How much memory does the MDS nodes have?
Updated by Venky Shankar over 1 year ago
BTW, do you see any performance degradation on clients in general over the course and/or when the MDS is about to get OOM killed?
Updated by xianpao chen over 1 year ago
the "free -h" of the mds node(after restart the mds):
total used free shared buff/cache available Mem: 376Gi 86Gi 52Gi 6.0Mi 236Gi 286Gi Swap: 8.0Gi 4.6Gi 3.4Gi
I will try "cache drop" next time, and observe the performance of the client.
Updated by Venky Shankar over 1 year ago
Any reason you are using mds_cache_memory_limit = 16GB when you have memory to spare?
Updated by xianpao chen over 1 year ago
I've heard that too large mds_cache_memory_limit may cause problems, so I use mds_cache_memory_limit = 16GB, no special purpose.

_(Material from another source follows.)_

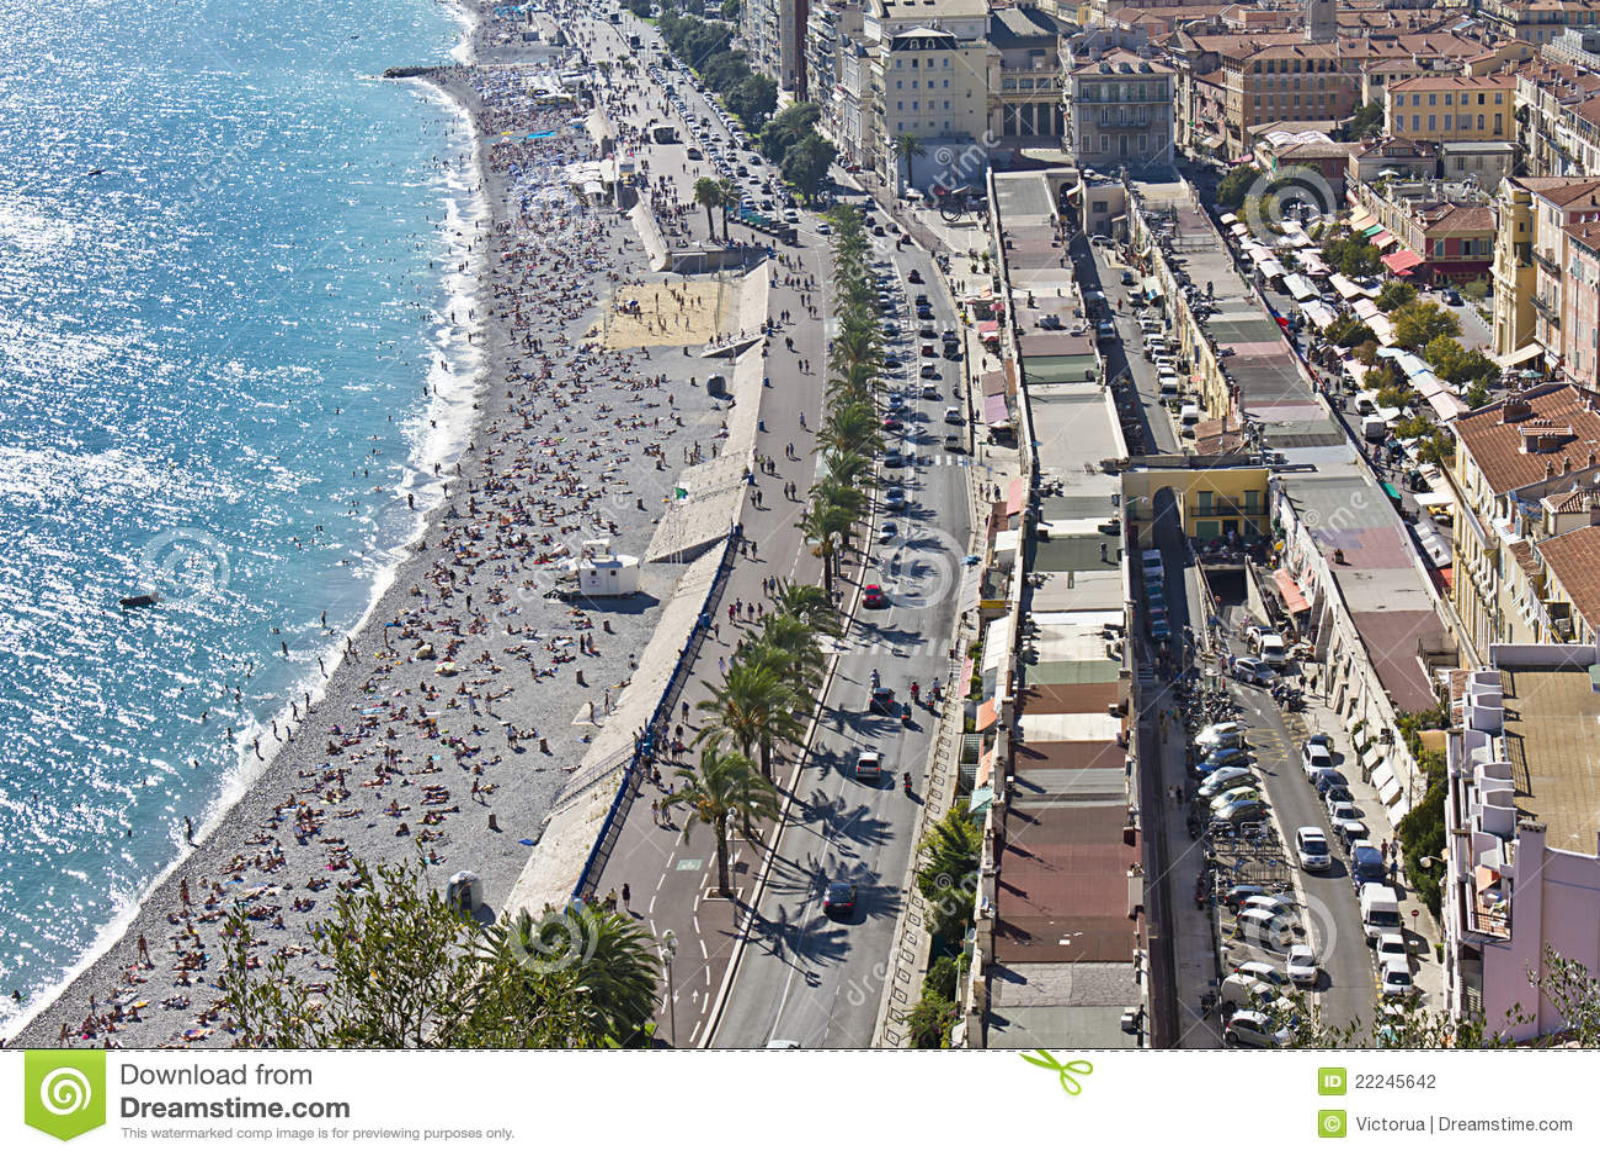 Promenade Des Angles Nice France

Any better suggestions for the number of mds_cache_memory_limit?
Updated by Venky Shankar over 1 year ago
xianpao chen wrote:
I've heard that too large mds_cache_memory_limit may cause problems, so I use mds_cache_memory_limit = 16GB, no special purpose.
Any better suggestions for the number of mds_cache_memory_limit?
Unless you are running into frequent "cache oversized" MDS warnings, there is no need to bump it up.
There are reports of unbounded buffer_anon growth in nautilus, but AFAICT, nothing in pacific.
Updated by xianpao chen over 1 year ago
Is there a good way to monitor the read/write speed of the fuse and kernel client?
Updated by Venky Shankar over 1 year ago
xianpao chen wrote:
Is there a good way to monitor the read/write speed of the fuse and kernel client?
Is this relevant to this ticket? Please create a separate tracker for this (and yes, there is a way in recent releases).
Updated by xianpao chen over 1 year ago
Now it's an occasional problem, and I'm watching to see if it happens again. I'm not sure what the trigger condition is yet, but it's probably a client problem. You asked before whether the performance of the client will decrease when problems occur, but I found that there is no good way to observe the performance data of the client. How to observe the read and write data of the client has puzzled me for a long time.
Updated by Dan van der Ster about 2 months ago
Updated by Venky Shankar about 1 month ago
Dan van der Ster wrote:
There was a similar case back in nautilus:
Correct - I mentioned that in note-22 and the patch controlled the memory consumption. Now, that we have this report (and another similar case) in pacific, it's likely that there are similar fallouts.